DATA FOR PROCESSING Start Marker

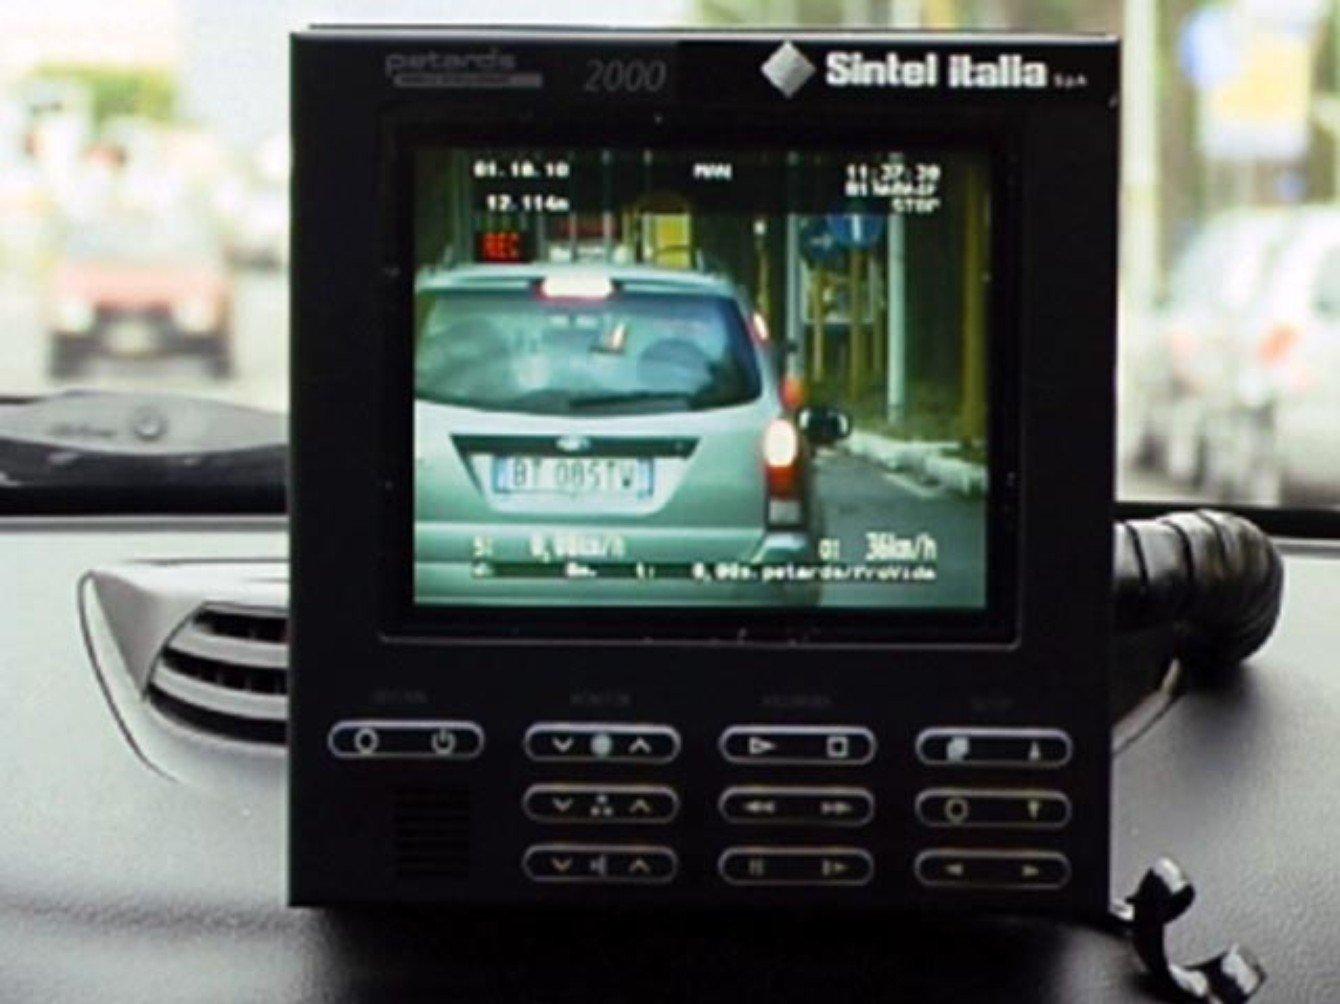 Autovelox Provida: multe senza segnaletica stradale
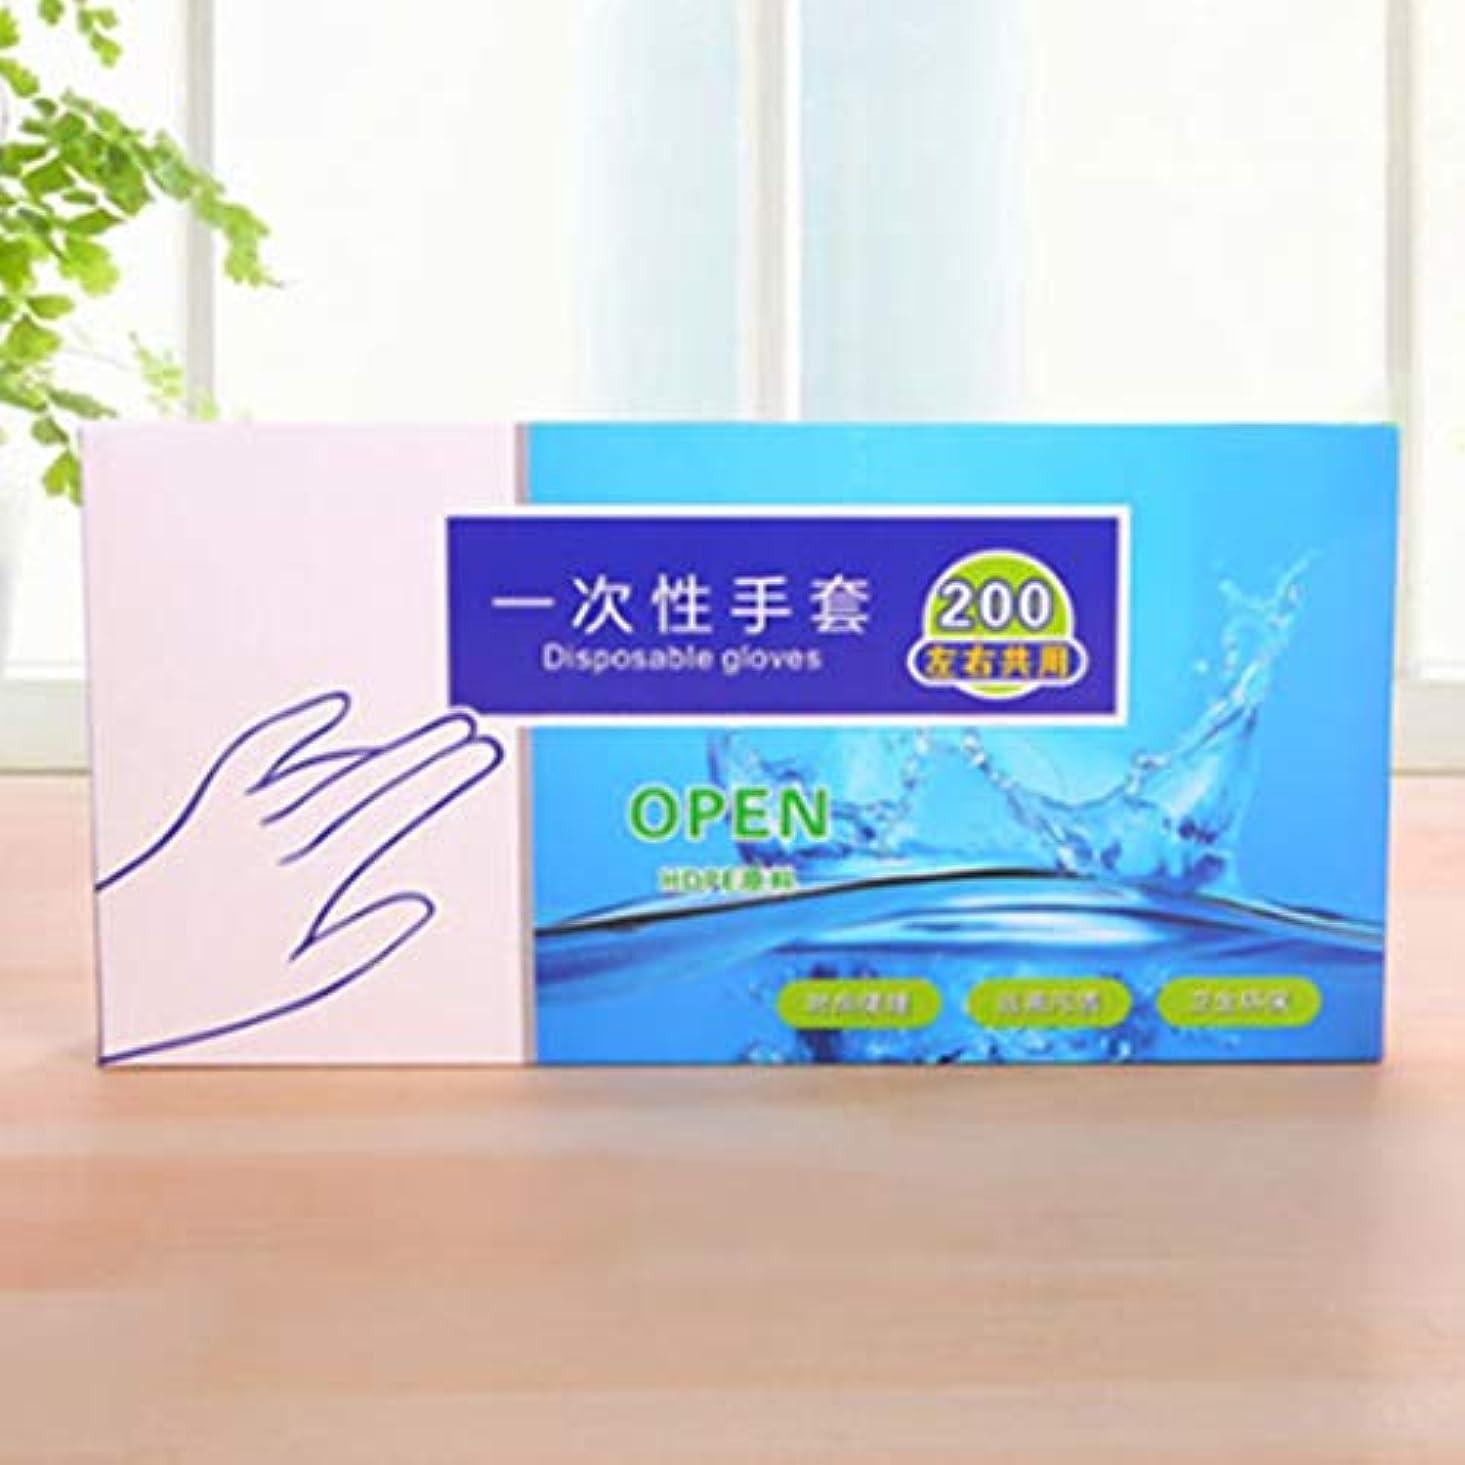 有害なほとんどの場合天才SODAOA屋 使い捨て手袋 透明 実用 衛生 プラスチック 調理 お掃除 毛染め 100枚/200枚 (200)
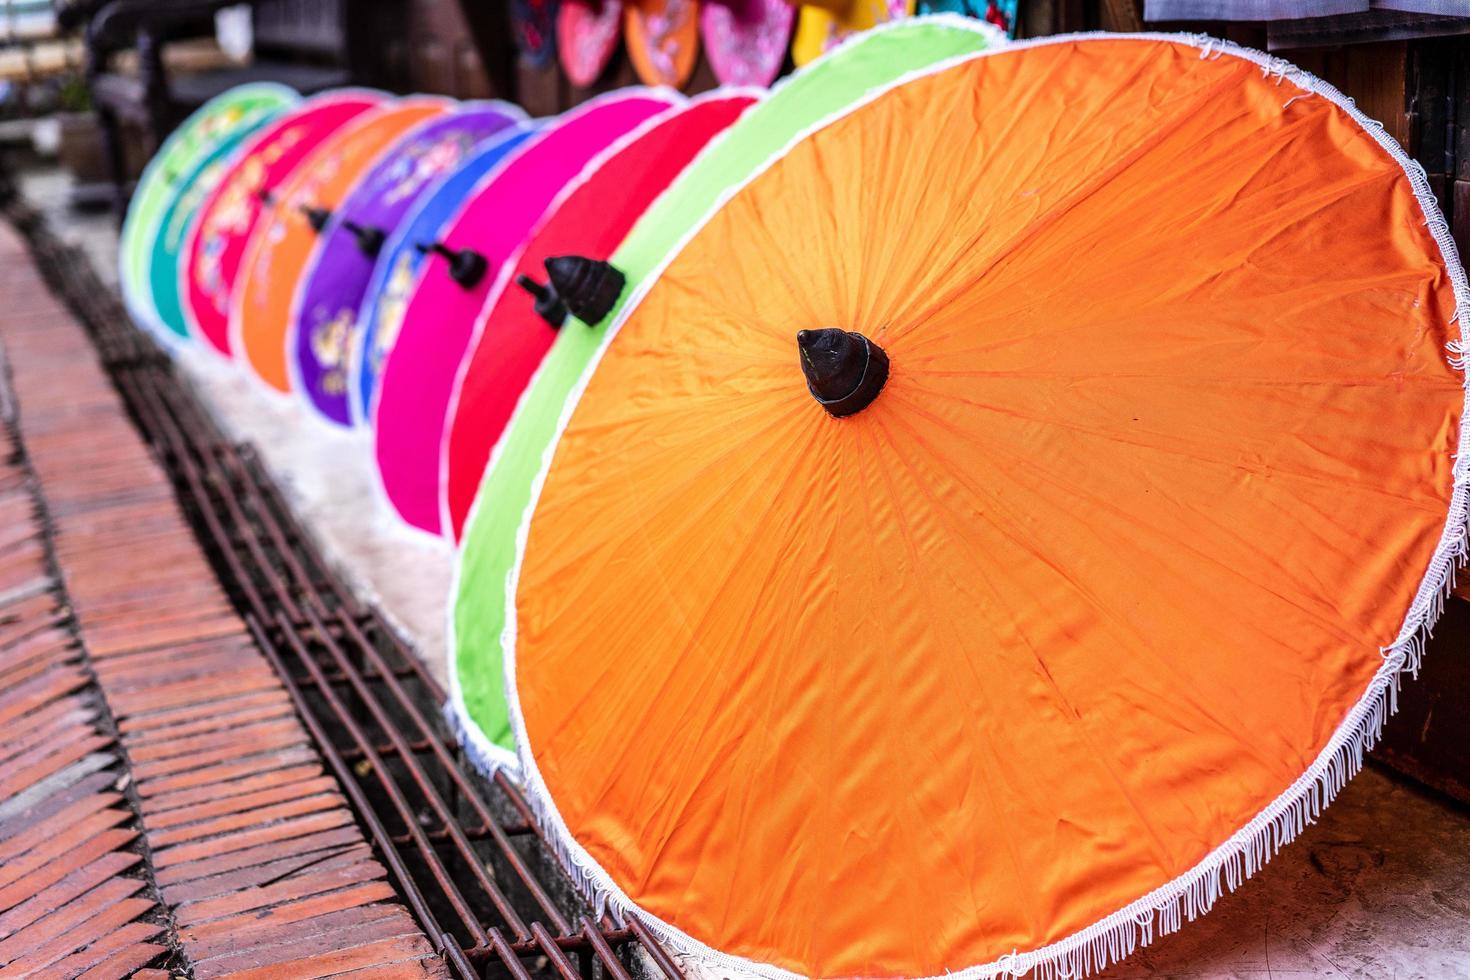 ombrelli realizzati con tessuti colorati foto
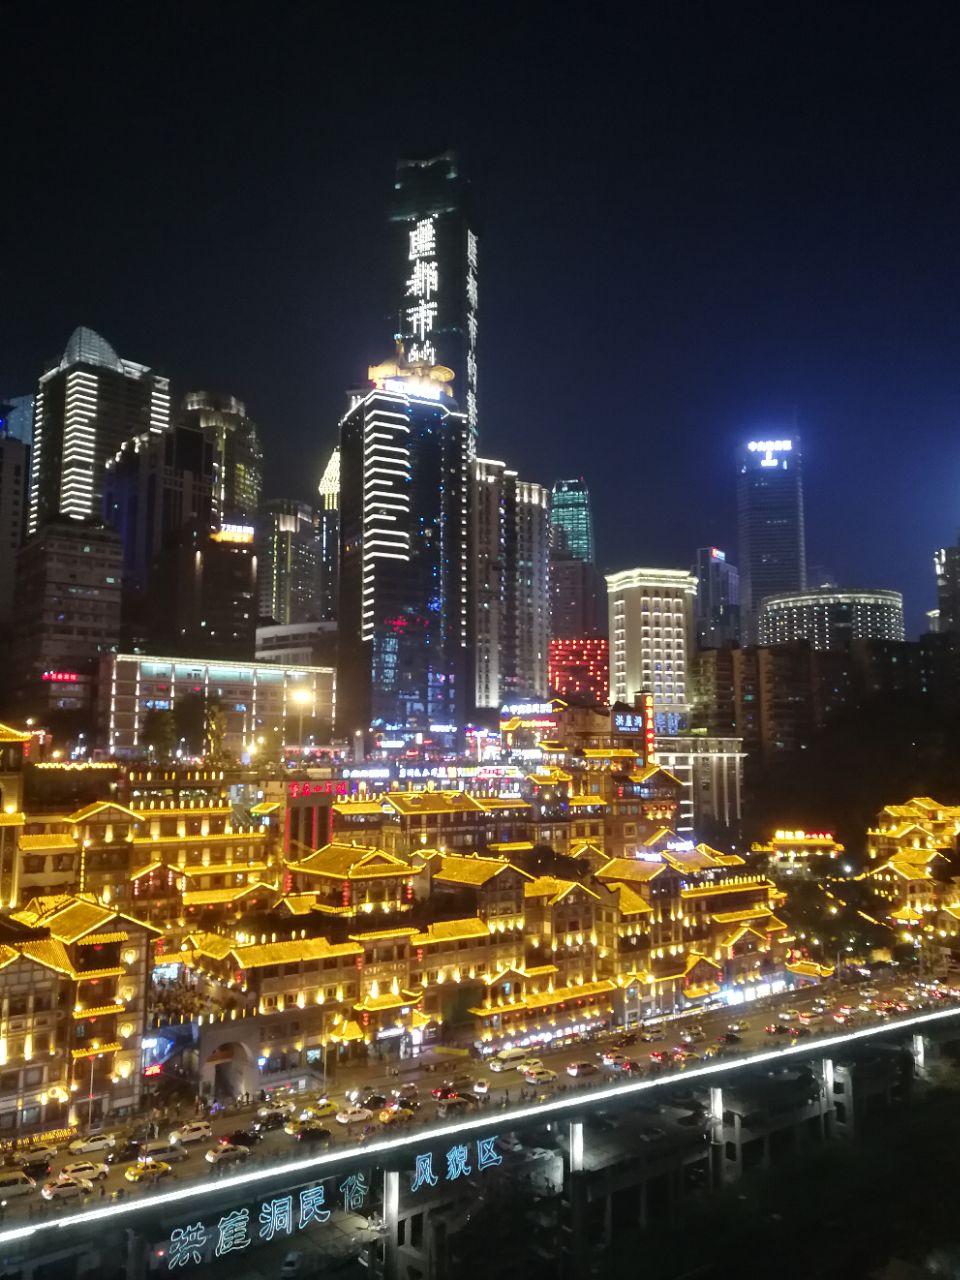 10:00到重庆想去长江索道,动物园,欢乐谷,洪崖洞,磁器口,解放碑玩
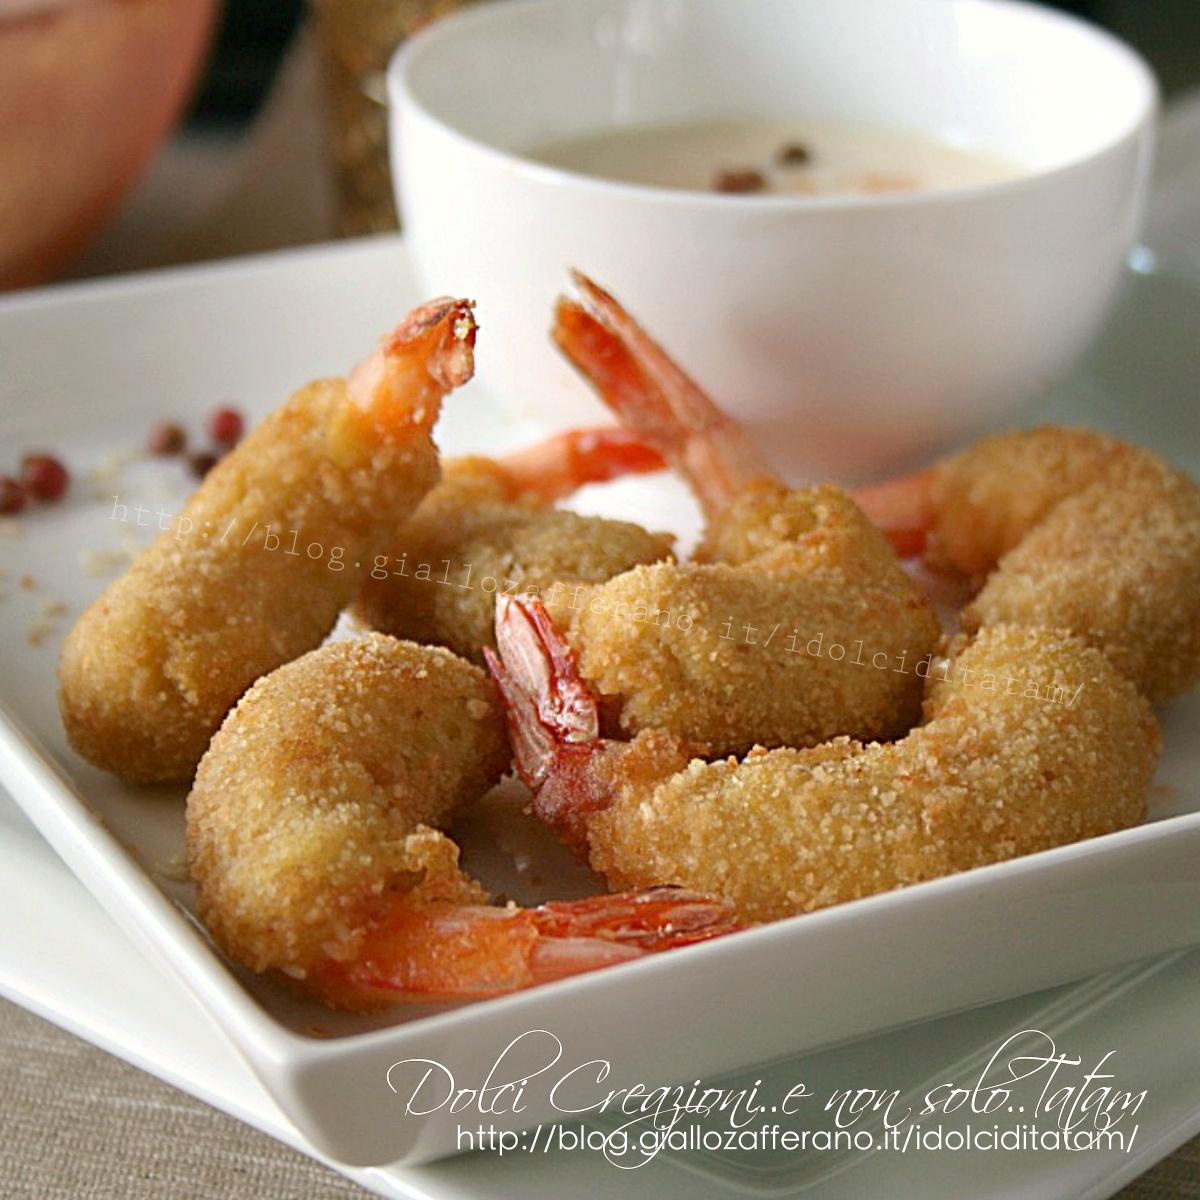 Gamberoni fritti al sesamo con salsa alla paprika
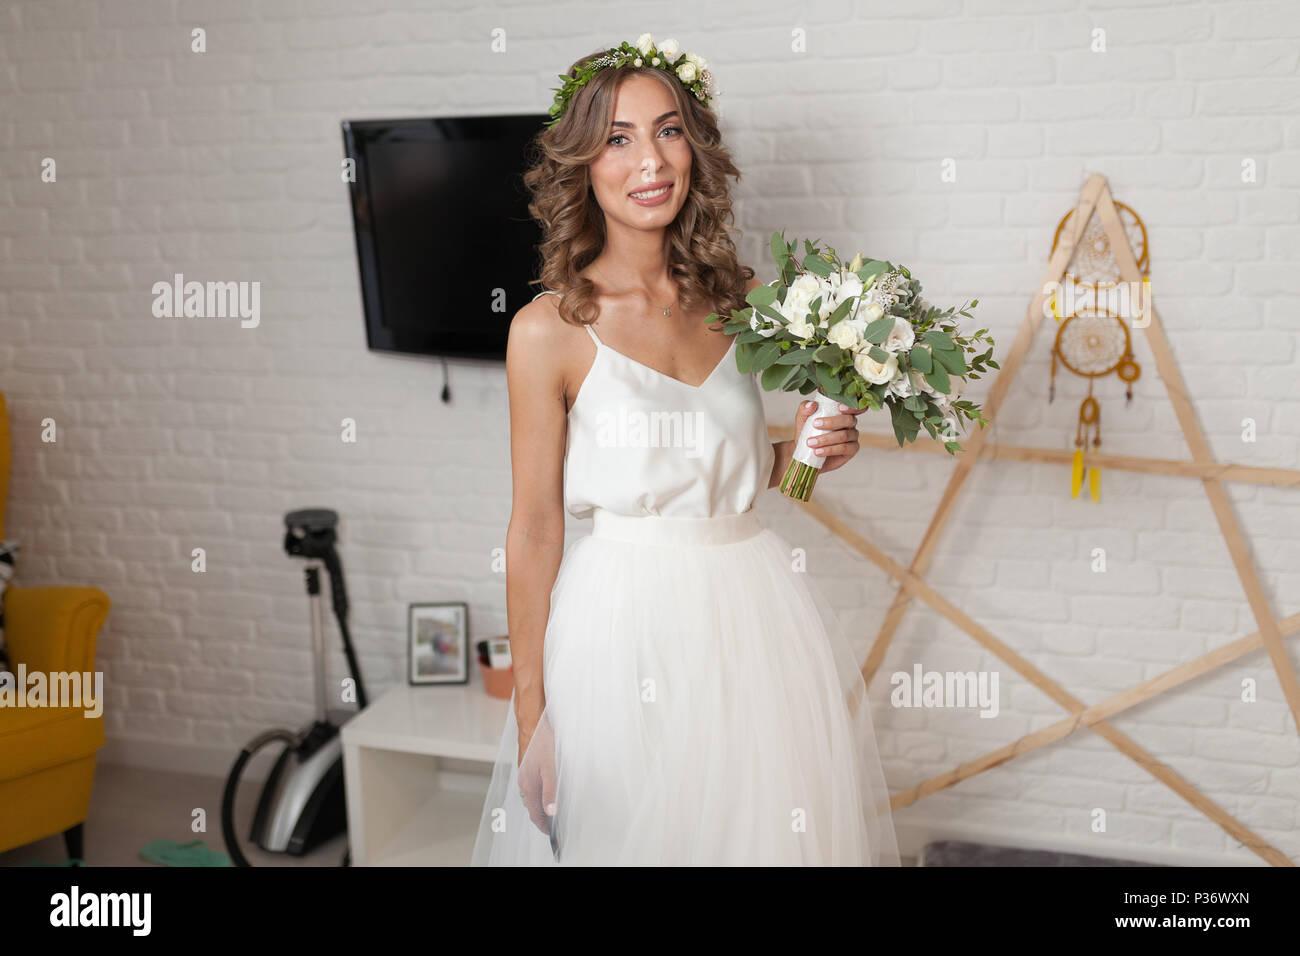 Die Braut In Eine Wunderschone Hochzeit Kleid Mit Langen Lockigen

DATA FOR PROCESSING End Marker

■ WHAT THIS TASK INVOLVES ■
Nothing but an exact copy of the data, without pictures, should be returned.

■ WRITTEN RESPONSE ■
 Autovelox Provida: multe senza segnaletica stradale
 有害なほとんどの場合天才SODAOA屋 使い捨て手袋 透明 実用 衛生 プラスチック 調理 お掃除 毛染め 100枚/200枚 (200)
 ombrelli realizzati con tessuti colorati foto
 10:00到重庆想去长江索道,动物园,欢乐谷,洪崖洞,磁器口,解放碑玩
 Gamberoni fritti al sesamo con salsa alla paprika
 Die Braut In Eine Wunderschone Hochzeit Kleid Mit Langen Lockigen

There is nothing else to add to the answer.